Other futuristic therapies for pediatric CA include anti-excitotoxic therapies, drugs targeting energy failure (such as pyruvate, ketone, or lactate infusion), and anti-apoptotic strategies. Excitotoxicity has a pivotal role in the evolution of hypoxic ischemic injury.42 Antiexcitotoxic therapies have proven to be beneficial in animal models after cerebral ischemia, but have failed to show benefit in human studies of cerebral ischemia. These therapies include conventional agents such as Pentobarbital or Thiopental, and therapies targeting N-methyl- D-aspartate (NMDA) and Alpha-Amino-3-hydroxy-5-methylisoxazole-4-propionic acid (AMPA) receptors, or more novel transient receptor potential (TRP) channels.43 Therapies preventing energy failure are logical to target, given that cerebral metabolism is altered during brain ischemia and the cells switch to anaerobic respiration during ischemia to preserve energy stores. Ketone administration proved benefic in juvenile mice after ischemia; ketogenic diets have also been tested in animal models. A theoretical schematic time-line for sequential implementation of these potential futuristic therapies is presented in fig. 2.
Fig. 2.

Schematic of the theoretical time course for application of current or future therapeutic strategies for pediatric CA. The temporal sequence proposed is based on the best available literature in experimental models or human trials. Mild hypothermia has the most support for implementation immediately after restoration of spontaneous circulation (ROSC), but may be even more efficacious when initiated during CPR.45 Please see text for details on the other more futuristic therapeutic approaches.

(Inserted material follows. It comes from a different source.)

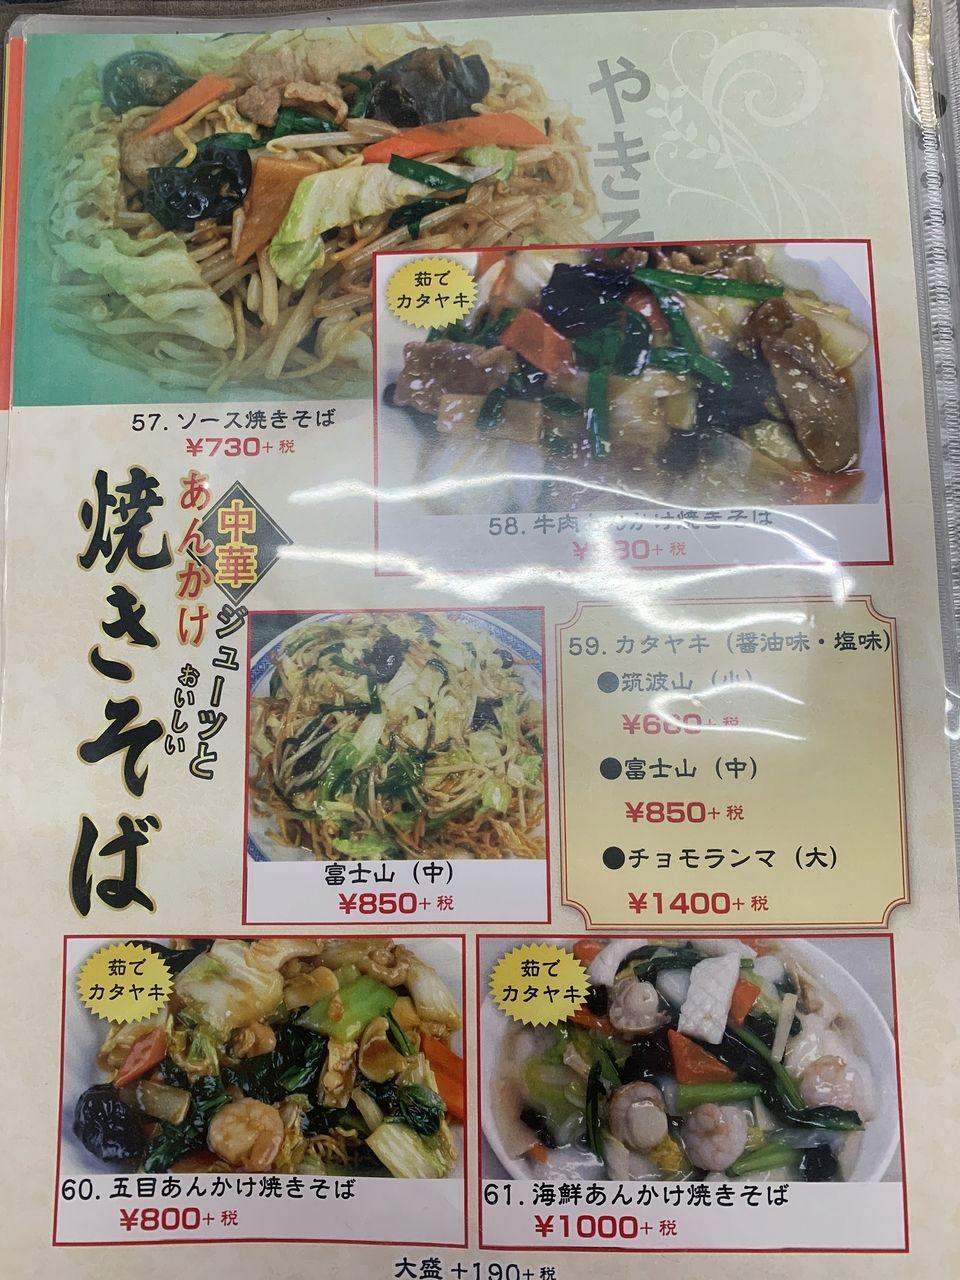 【三郷市食べ歩きブログ】さよならと感謝の気持ちで最後に行ってきました!「ポパイラーメン香港料理」が三郷市早稲田8丁目から移転します。

In conclusion, the unique form of CA in the pediatric population, namely asphyxial arrest appears to represent a particularly deleterious insult, which leads to poor outcomes. In addition to aggressive conventional resuscitation, we have discussed several adjunctive approaches, namely CBF promotion, hypothermia and extracorporeal support that may improve outcome in selected patients and deserve addition application and investigation. Rehabilitation should also not be dismissed in the setting of pediatric CA—although additional investigation is needed to optimize this important therapy. Studies in animal models of brain injury suggest a powerful effect of rehabilitation-related strategies that even includes enhanced synaptogenesis and cortical thickening.44 Finally, the search for additional neuroprotective therapies is ongoing and combined therapies–particularly with mild hypothermia45 should be pursued.